2 . The method of claim 1 , wherein at least one subregion entirely overlaps at least one other subregion.
3 . The method of claim 1 , wherein the sequences of the 5′ region and the 3′ region of each probe are, respectively, non-overlapping with the sequences of the 5′ region and the 3′ region of each other probe.
4 . The method of claim 1 , wherein the sequences of the 5′ region and the 3′ region of each probe are, respectively, different than the sequences of the 5′ region and the 3′ region of each other probe.
5 - 11 . (canceled)
12 . A method of genotyping a subject, the method comprising:
obtaining molecular inversion probe capture products, each comprising a molecular inversion probe and a target nucleic acid, wherein the sequence of the molecular inversion probe comprises a differentiator tag sequence and, optionally, a primer sequence, wherein the target nucleic acid is a captured genomic locus of the subject, amplifying the molecular inversion probe capture products, and genotyping the subject by determining, for each target nucleic acid, the sequence of at least a threshold number of unique combinations of target nucleic acid and differentiator tag sequence of molecular inversion probe capture products.

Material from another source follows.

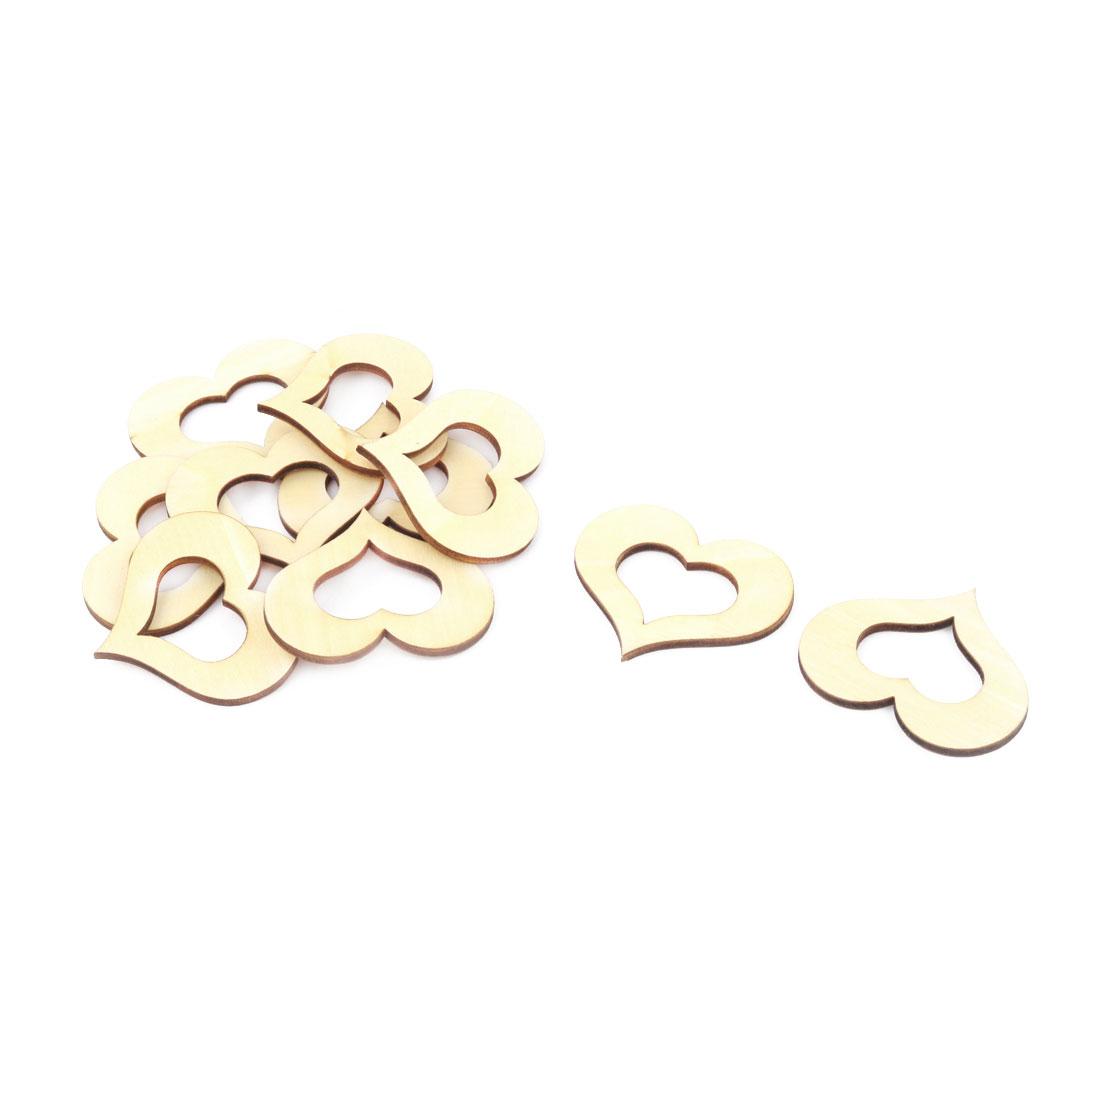 Wooden Love Heart Shaped Hollow Design Wedding Decor DIY Accessories Beige 45 x 40mm 10pcs

13 . The method of claim 12 , wherein the obtaining comprises capturing target nucleic acids from a genomic sample of the subject with molecular inversion probes, each comprising a unique differentiator tag sequence.
14 . The method of claim 12 , wherein the capturing is performed under conditions wherein the likelihood of obtaining two or more molecular inversion probe capture products with identical combinations of target and differentiator tag sequences is equal to or less than a predetermined value, optionally wherein the predetermined value is about 0.05.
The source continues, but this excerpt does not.